Star Rovers was a role-playing game that was initially developed by gaming guru David A. Hargrave. But by 1978 Stocken had taken over as lead developer. And thus it was that Star Rovers came to incorporate a bit of Star Wars.
For years Yehuda and I remained confused as to how the modified and parody figures related to Stocken's original Star Wars pieces. It wasn't until we saw some packaged examples in the collection of our friend Jeff Correll that we realized they were part of a distinct line called Star Rovers.
Our understanding was greatly enlarged upon my acquiring an old Archive Miniatures catalog. It helpfully provides the names of all of the figures in the Star Rovers line along with their stock numbers.
Figures with a connection to Star Wars marked with a red "x" |
If I harp too incessantly on the importance of original advertisements and catalogs it's only because I think collectors pay them too little attention. Often, these are the only pieces of documentation that can fully inform our understanding of products that have been unavailable for years or even decades. Memories and the happenstance of extant examples can never provide the certainty offered by original documentation deriving from the source company.
That said, there is some wonkiness evident in the list provided by the catalog. For example, the Jawas, a.k.a. Desert Sand Rats (#2076), are not present; it's possible they were dropped from the line at a point in time prior to the publication of the catalog. Additionally, the Tusken Raiders, a.k.a. Sand Devils, are listed under two different stock numbers, #2096 and #2097. Sets containing both or either of the two different standing Sand Devil figures (one with gaffi, another with rifle) are known to exist under the two different stock numbers.
Not all of Stocken's Star Wars figures were reworked into Star Rovers. The figures that never made it into the later line are:
- Aunt Beru
- Grand Moff Tarkin
- Princess Leia
- Darth Vader (in a form deriving from the original)
And is the figure on the right Han Solo or some kind of buccaneer? The catalog refers to him as the Pirate Captain, so I guess it's the latter! The Pirate Captain's pants were baggier than Han Solo's; he also wore a scabbard -- for his sword, of course. The sword and blaster were separate pieces that were intended to be glued into the figure's hands.
As for Luke, now called Disciple, he was given a crown of laurel leaves and a removable lightsaber in place of his integrated blaster. In fact, the figure came packaged with both a saber and a blaster; so a purchaser had some options. As you may have noticed, the boots were changed between the two iterations of the figure.
Obi-Wan, on the other hand, remained mostly unchanged, the only notable difference being that his lightsaber was now a removable piece rather than integrated into the hands of the figure. Wait, did I call him Obi-Wan? In the Star Rovers universe, his name was Star Knight of the Quasar.

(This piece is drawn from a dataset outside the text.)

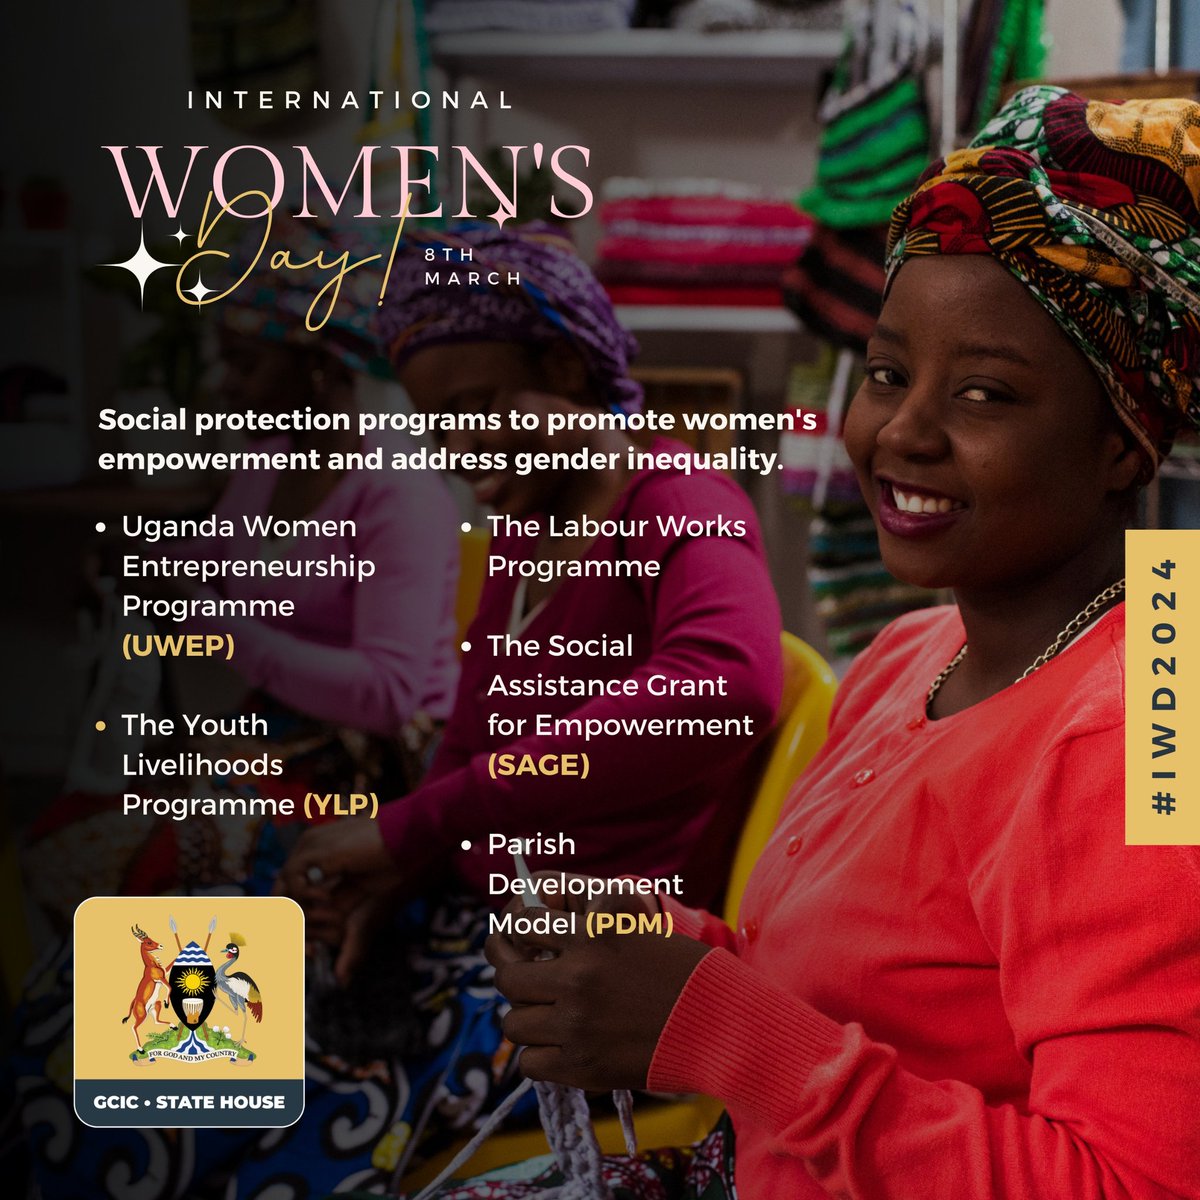 Happy women's day! Here are some of the social protection programs set up by @GovUganda to promote women's empowerment & address gender inequality. 
#OpenGovtUg

Stocken's original Star Wars line included two Stormtroopers: one with arms raised and one with arms at chest height. Both of these were reworked into Star Rovers by enlarging their helmets and adding circular elements to their foreheads and chests. Star Rovers titles: Imperial Marine Trooper (arms at chest) and Imperial Marine NCO (arms raised).
In the translation from Star Wars to Star Rovers, perhaps no figure from Stocken's original line was treated more unusually than R2-D2. Not only was the droid given a tail, his dome was inverted and decorated with protrusions resembling Mickey Mouse ears. New name: R2-T2. [4]
As for C-3PO, who was not present in the original Star Wars line, Star Rovers included a reasonable replacement in the form of a figure resembling the Maria simulacrum from Fritz Lang's Metropolis. The figure was called Rsla Androidess, presumably in homage to Bond beauty Ursula Andress.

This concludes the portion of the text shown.